* Source material:

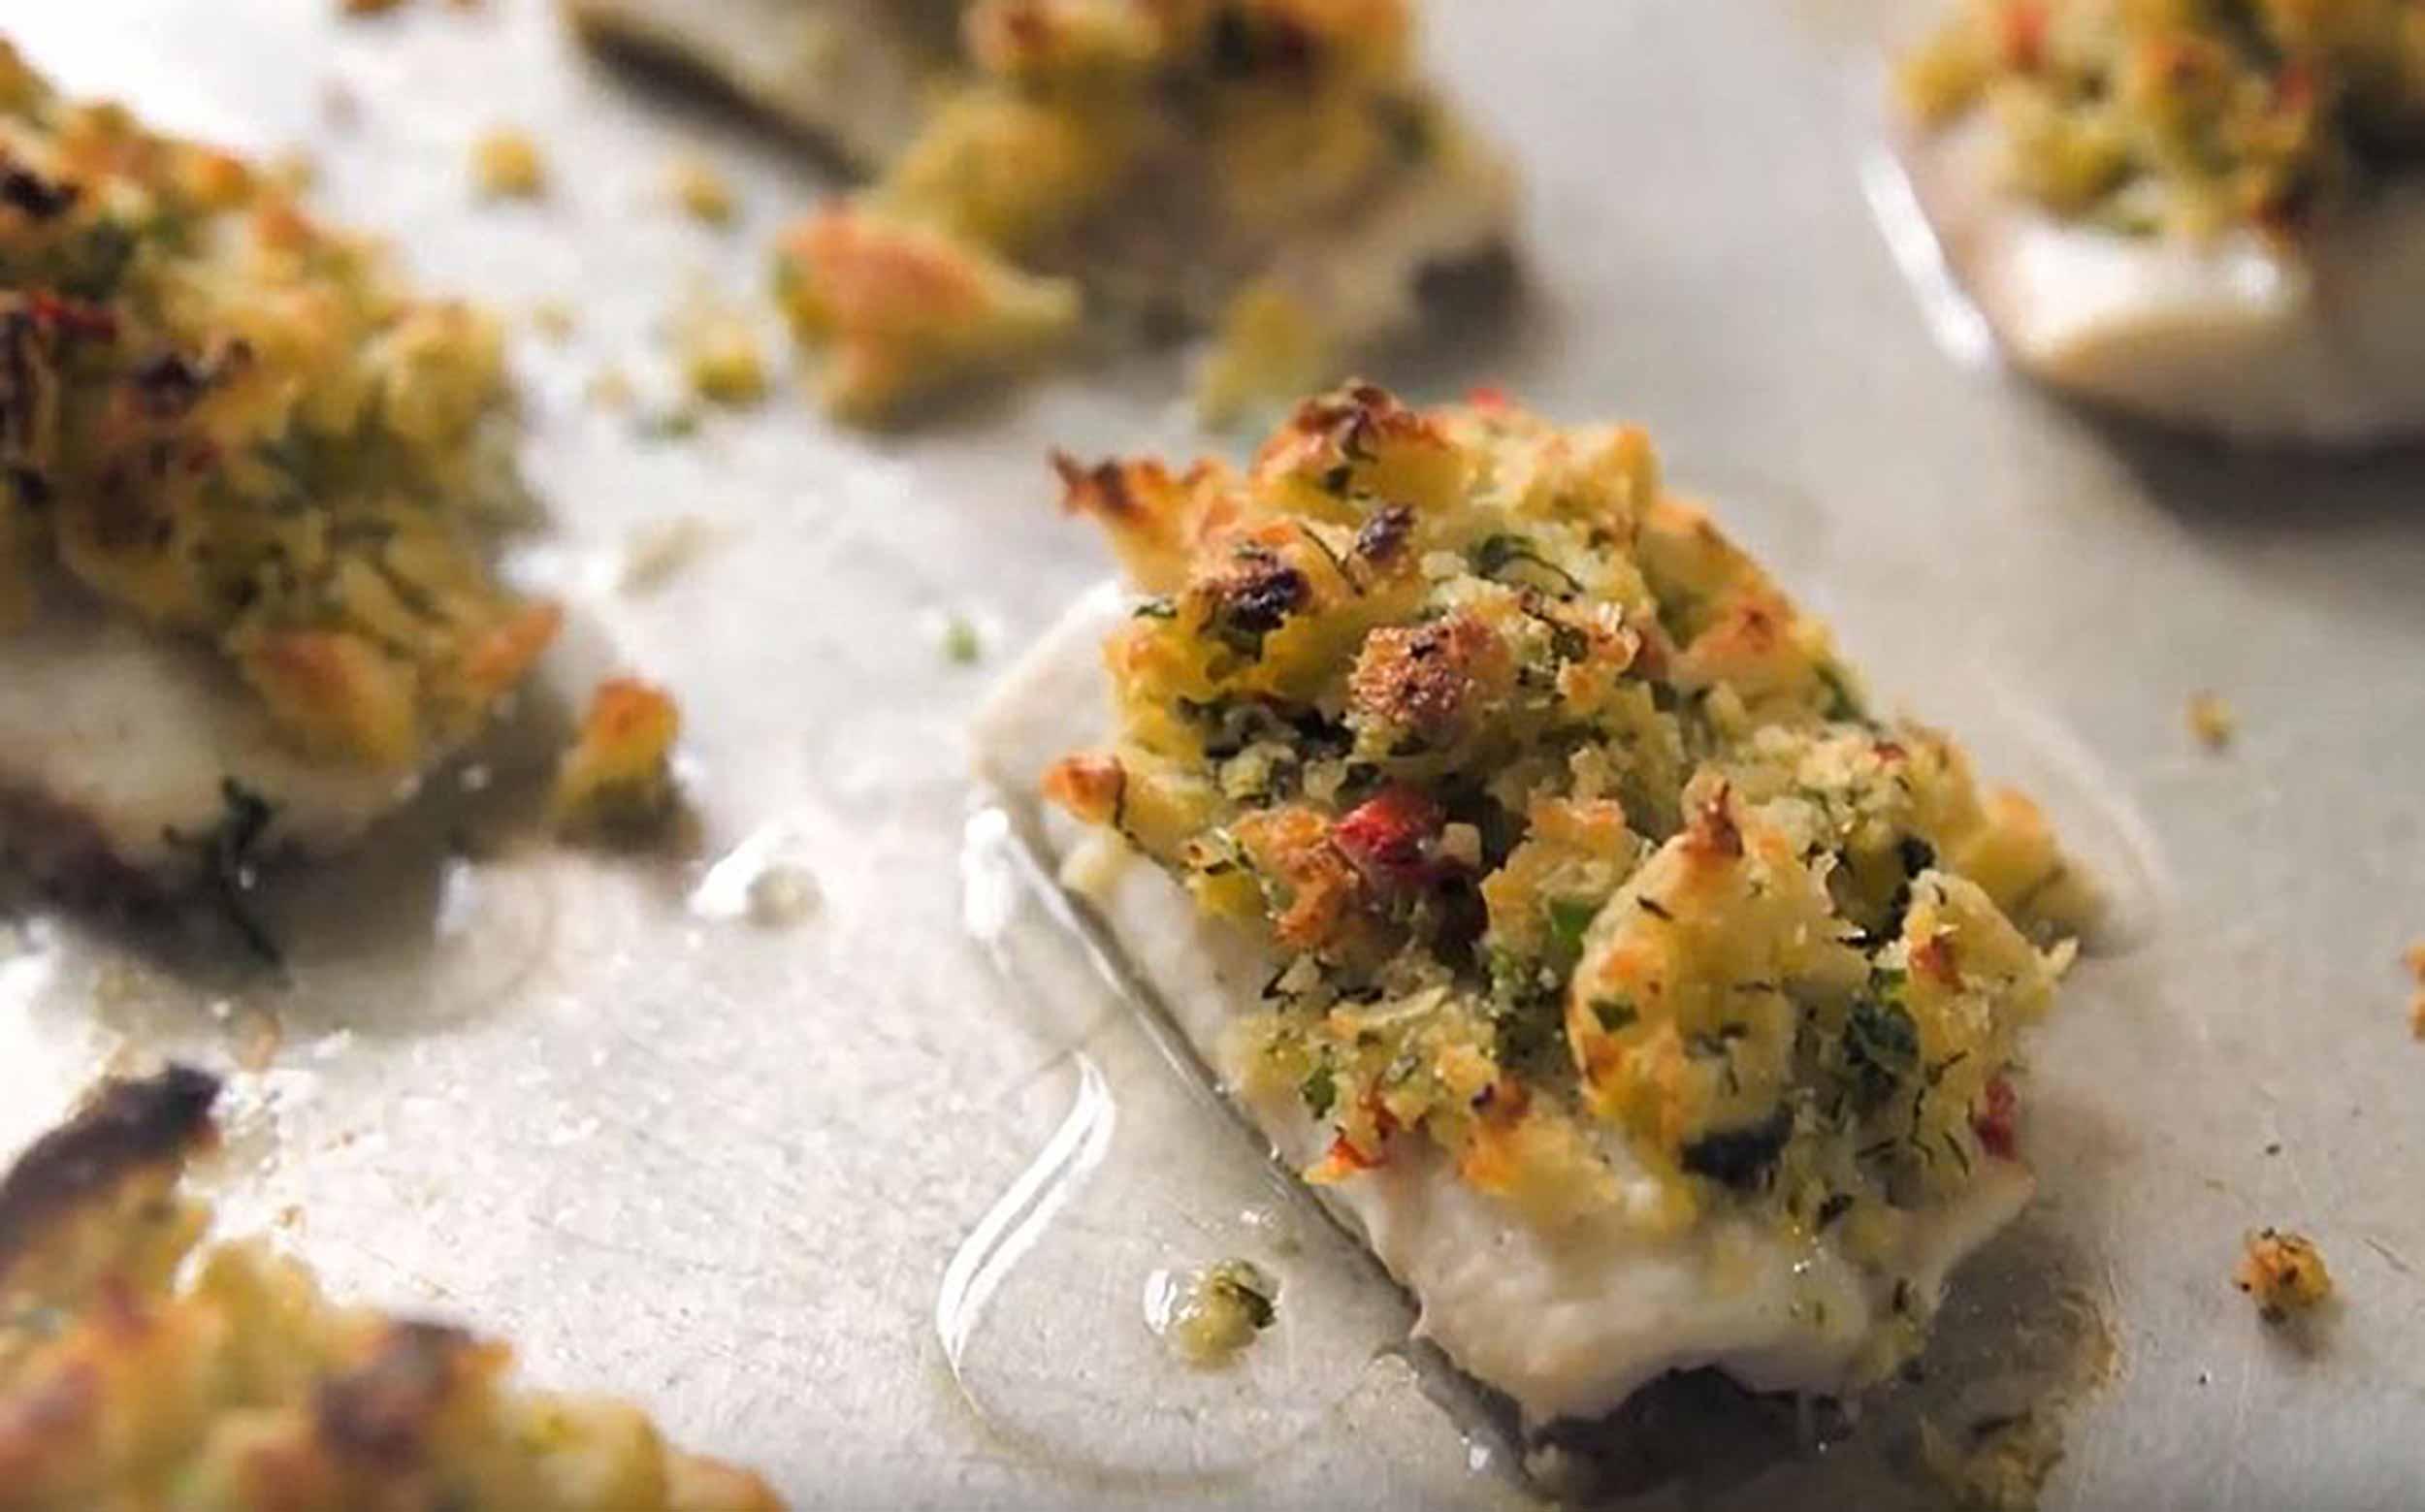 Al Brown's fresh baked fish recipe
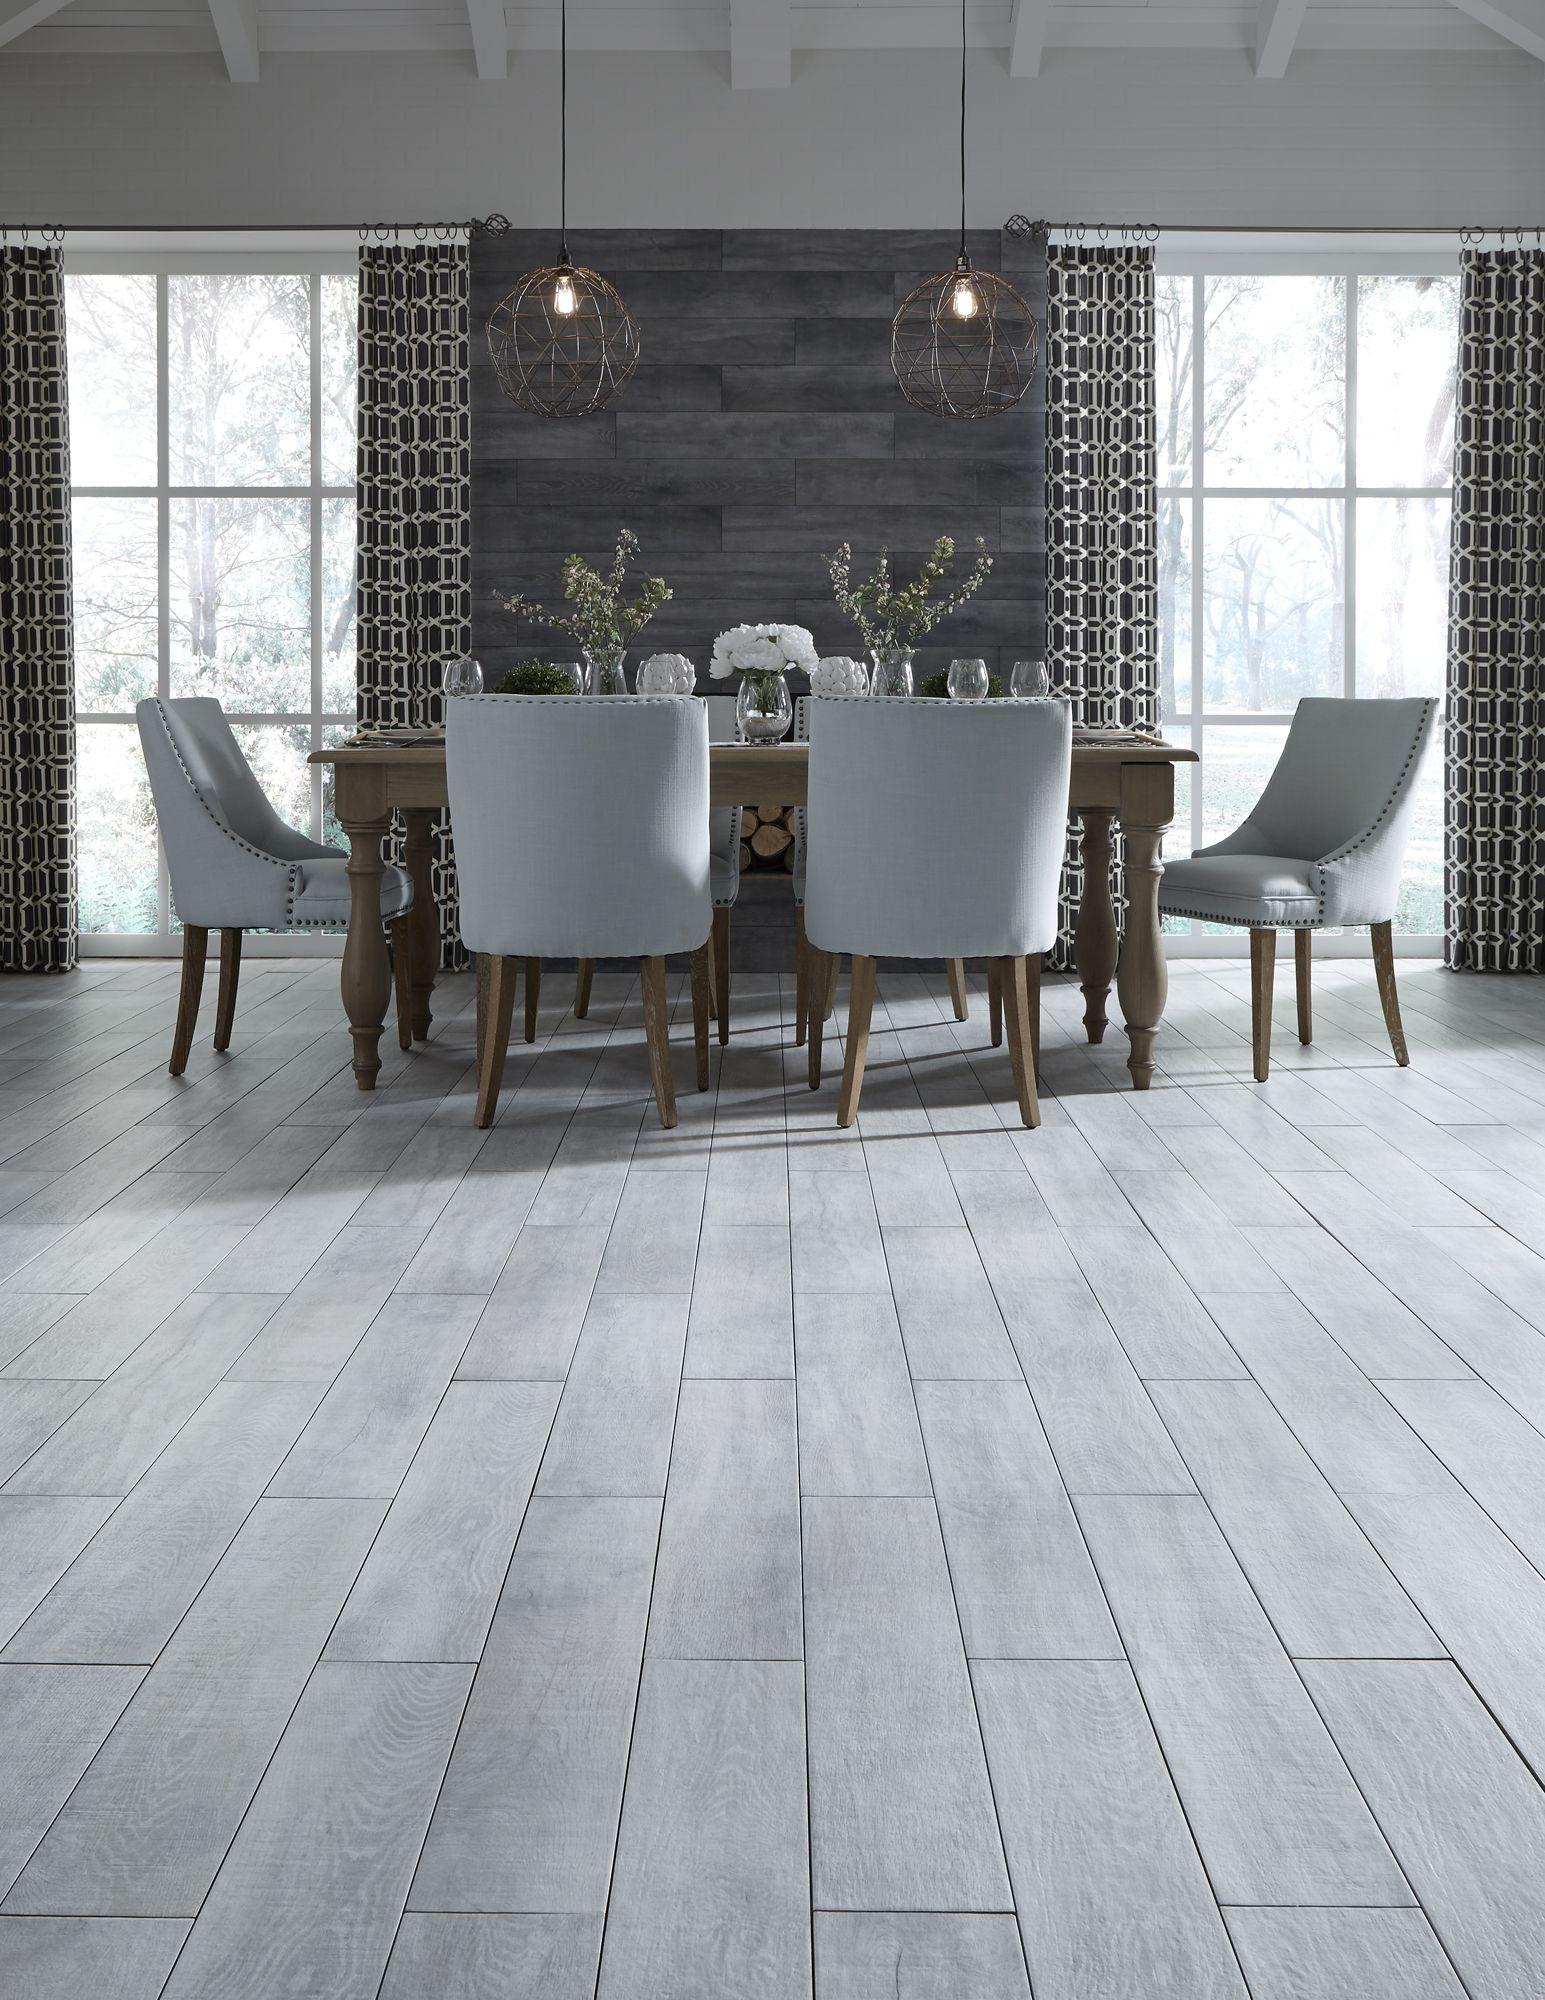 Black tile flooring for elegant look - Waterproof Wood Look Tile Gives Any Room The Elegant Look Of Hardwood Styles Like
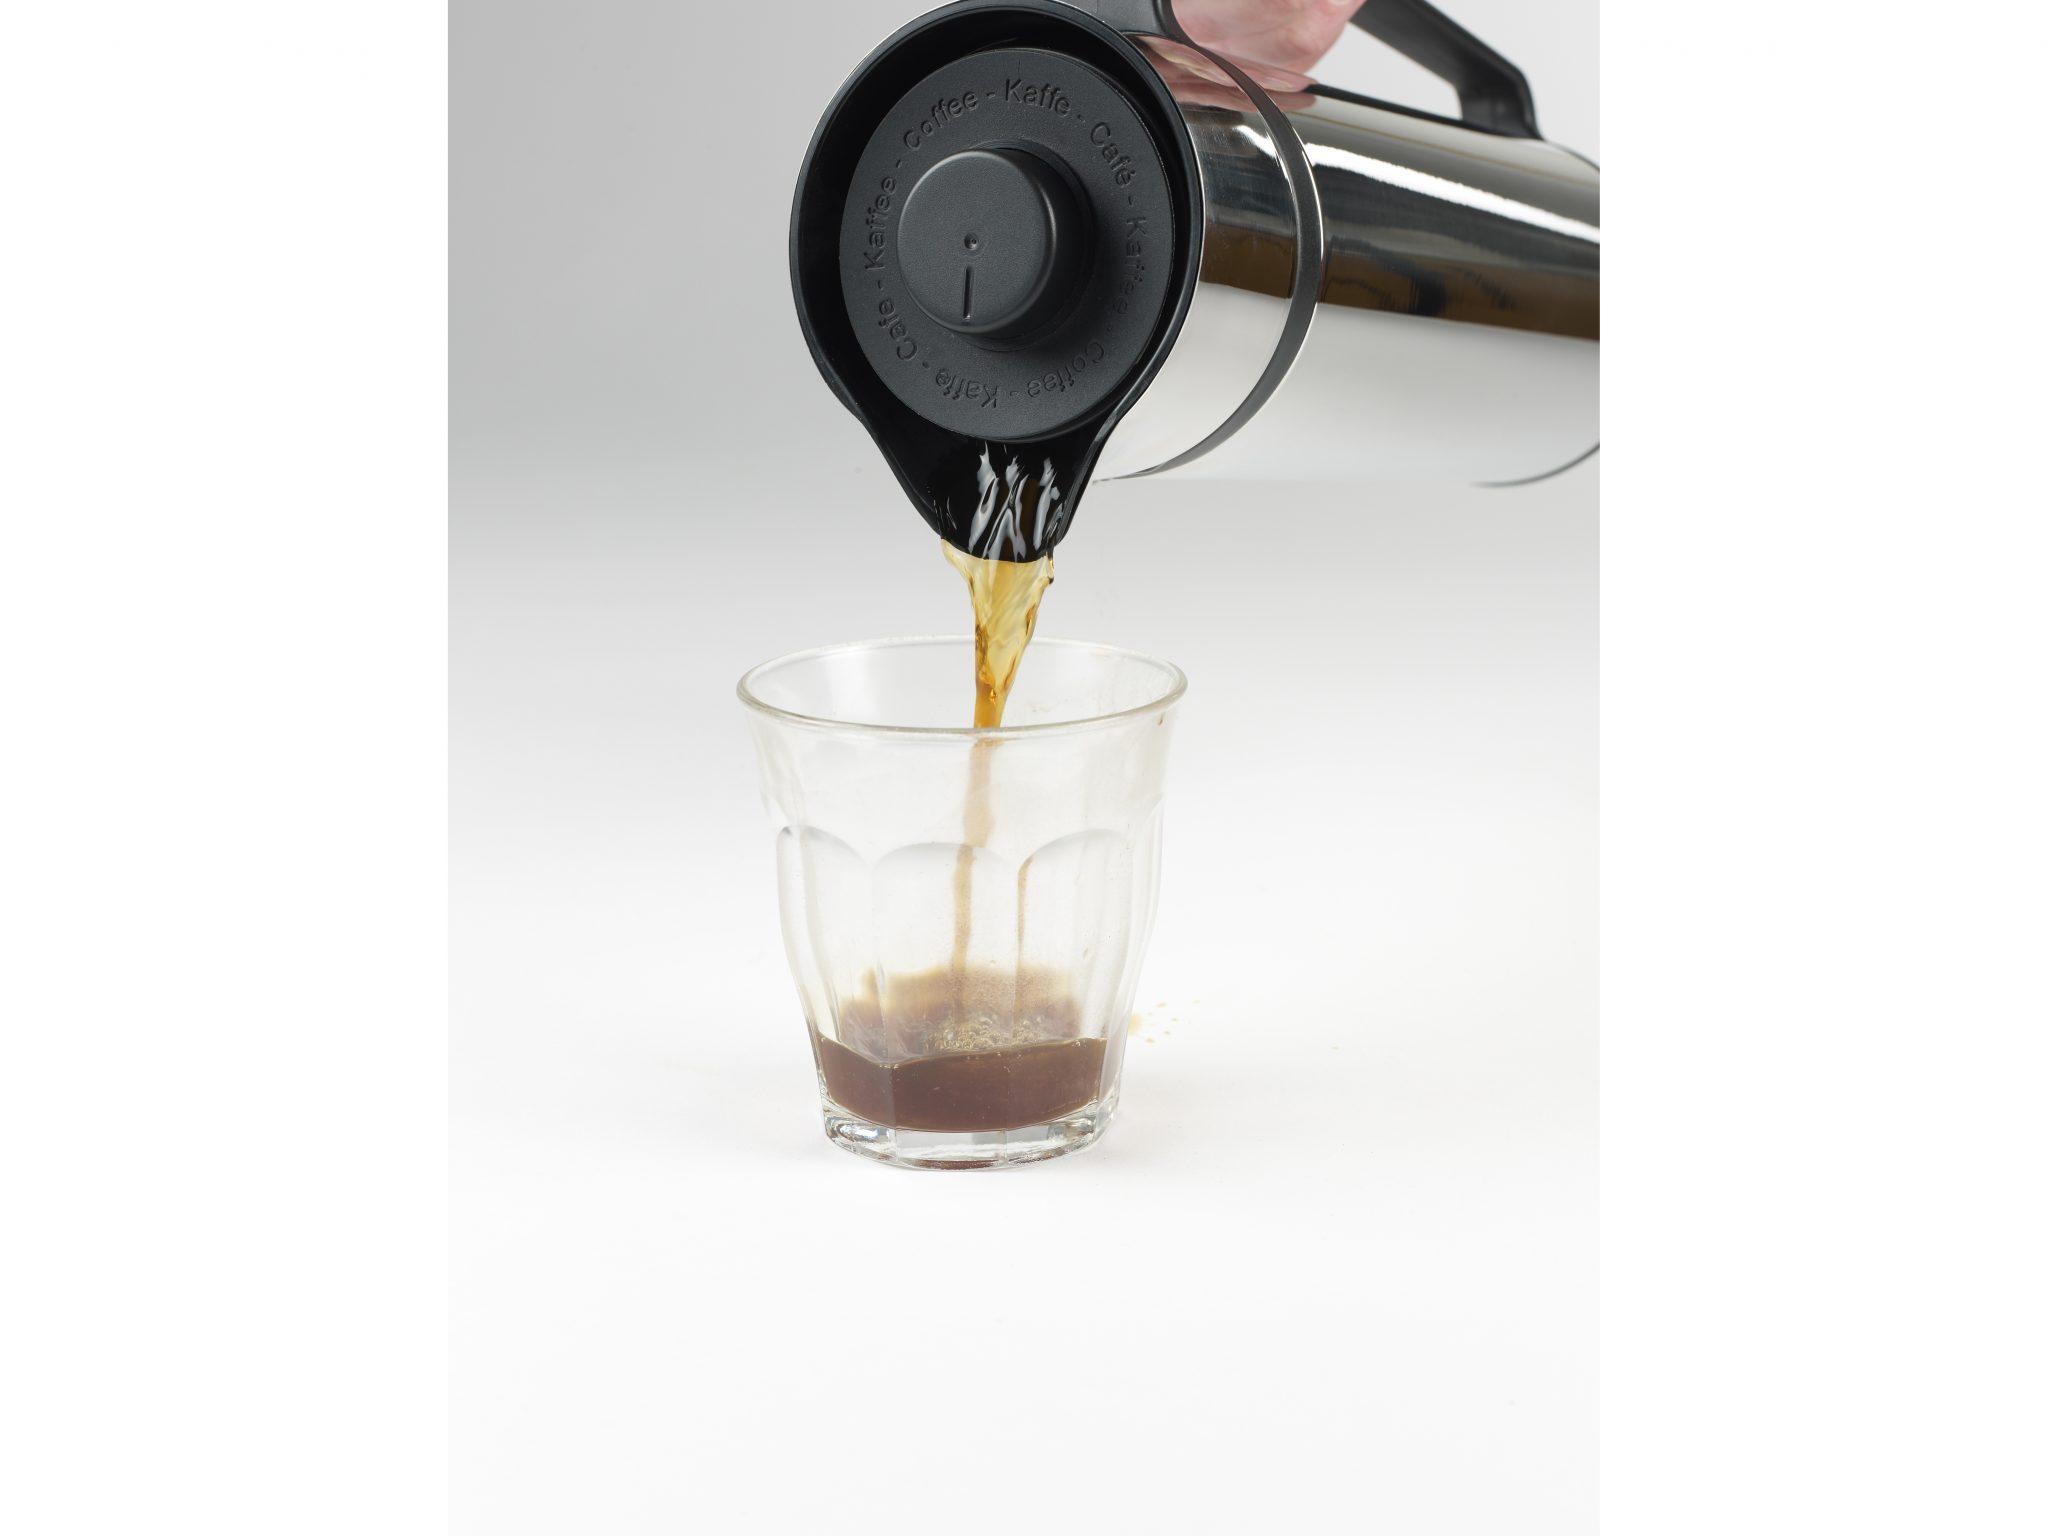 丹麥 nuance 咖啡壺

* What the task requires: Please return all of the material above exactly, minus any pictures.

* Output:
 Al Brown's fresh baked fish recipe
 Black tile flooring for elegant look - Waterproof Wood Look Tile Gives Any Room The Elegant Look Of Hardwood Styles Like
 丹麥 nuance 咖啡壺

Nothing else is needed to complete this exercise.